Introduction: Metal on metal hip replacement using large diameter bearings can be used as part of a hip resurfacing (HR) system or with a large diameter head total hip arthroplasty (LDH-THA). Both types of implant release metal ion, but the amount of ion released after LDH-THA has not been studied. The aim of the present study was to assess whole blood metal ion release at one year following LDH-THA.
Material and Method: Pre and post operative Cr, Co and Ti concentrations in whole blood were measured using a high resolution mass spectrometer (HR-ICP-MS) in 29 patients with LDH-THA (Durom LDH, Zimmer). The results were compared to published ion levels on a HR system (Durom, Zimmer) possessing the same tribological characteristics, the only differences being the presence of a modular sleeve and opened femoral head design in LDH-THA.

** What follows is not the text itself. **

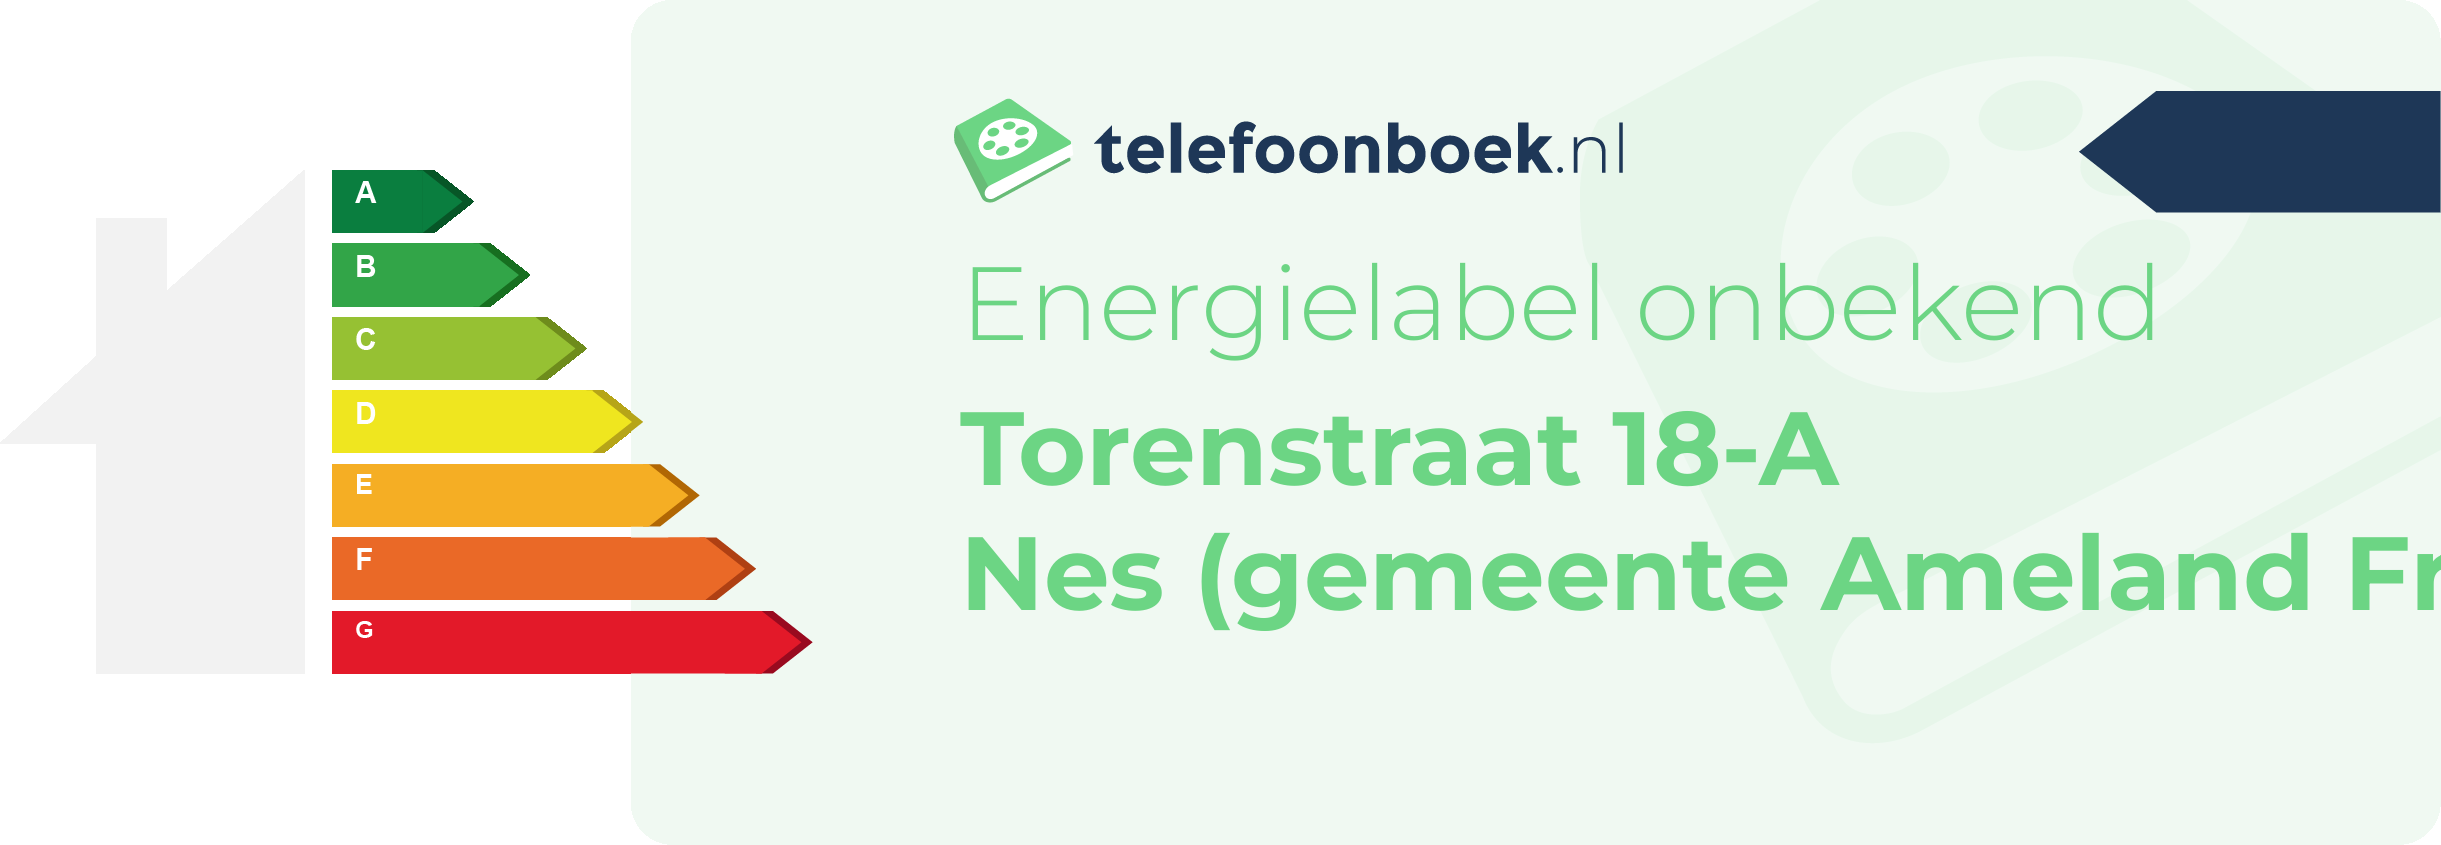 Energielabel Torenstraat 18-A Nes (gemeente Ameland Friesland)
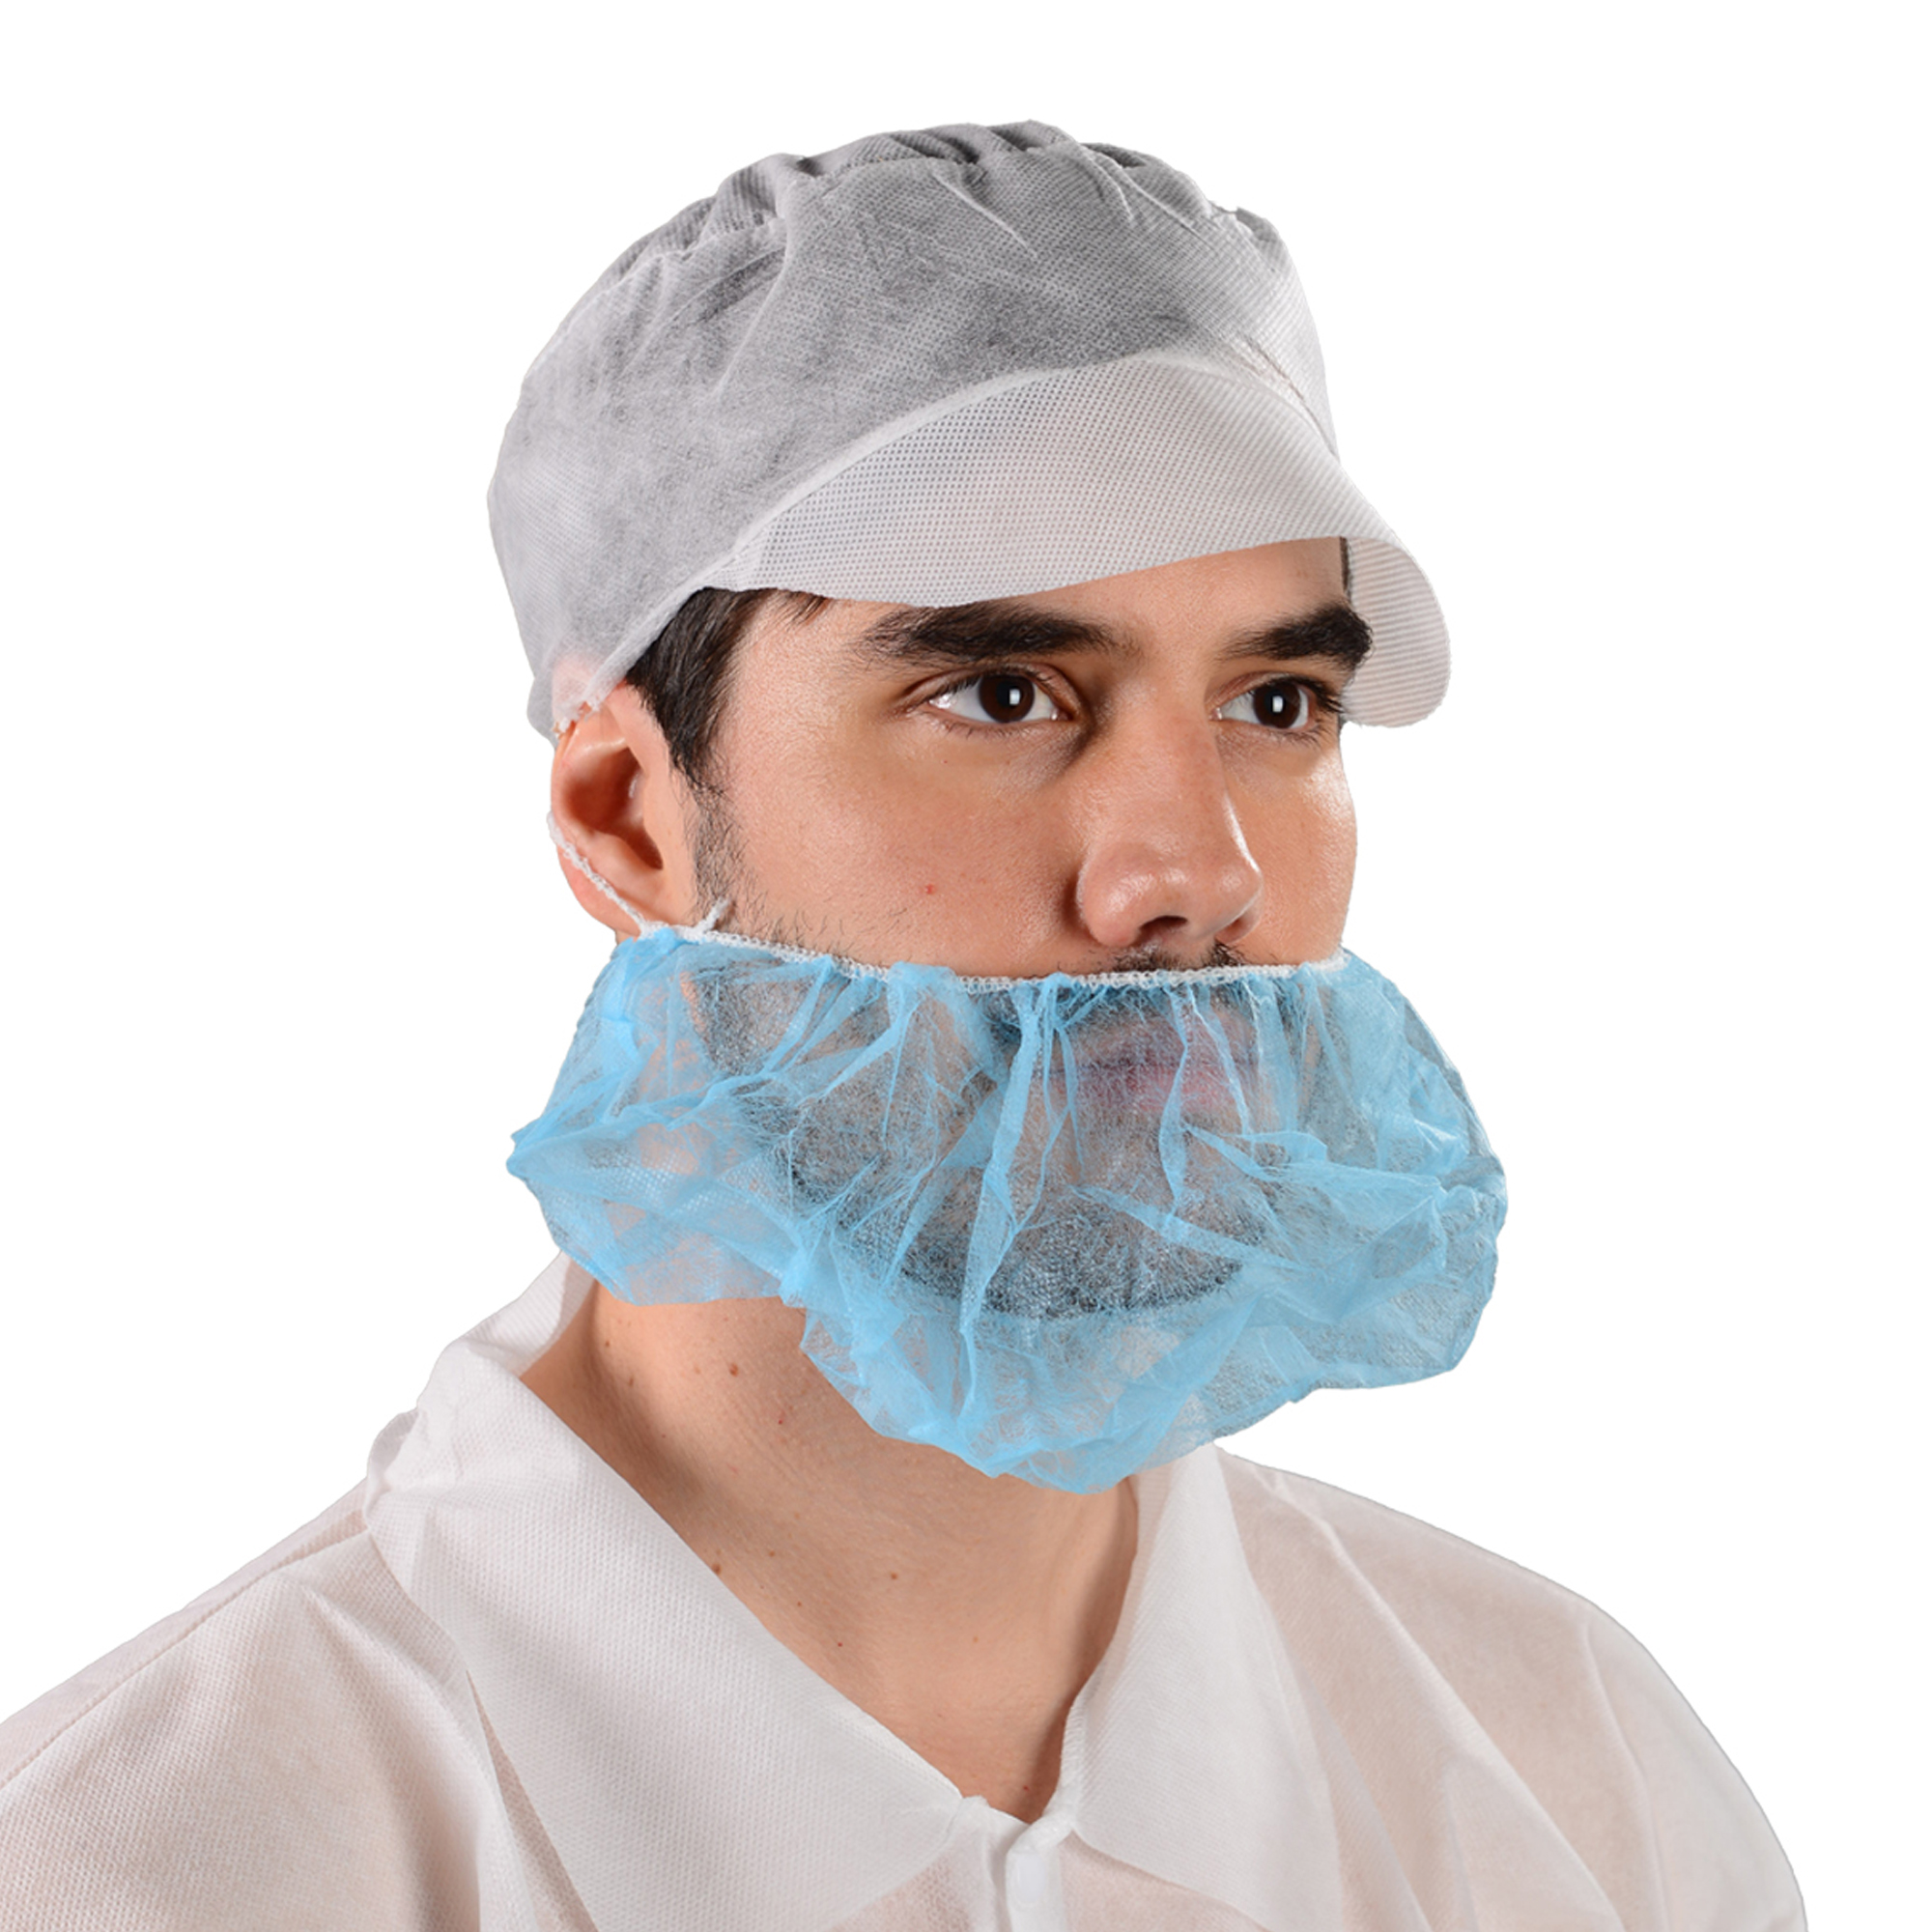 TOPMED blanco 10gsm desechable PP no tejido barba cubierta industria alimentaria solo bucle hombres con una sola costilla a prueba de polvo barba red para el cabello

Summary of results: Post operative Cr, Co and Ti mean levels of LDH-THA were 1.3, 2.0 and 2.8 μg/L at 6 months and 1.3, 2.2 and 2.7 μg/L at 12 months. In the LDH-THA, the opened femoral head design showed significantly higher Co ion concentrations than the closed femoral head design (3.0 vs 1.8 ug/L, p=0.037). Compared to previously published results after HR, Co levels were significantly higher at one year in the LDH THA (2.2 ug/L vs. 0.7 ug/L, p<
0.001).
Discussion: In order to reduce wear and ion release from metal-metal bearing, most manufacturers focus research on improvements at the bearing surfaces. This study has demonstrated that the addition of a sleeve with modular junctions and an open femoral head design of LDH-THA causes more Co release than bearing surface wear (157% and 67% respectively). Even if no pathological metal ion threshold level has been determined, efforts should be made to minimize their release. We recommend modification or abandonment of the modular junction and femoral head closed design for this specific LDH-THA system. The total amount of ion released from a metal-metal implant should be considered globally and newer implant design should be scientifically evaluated before their widespread clinical use.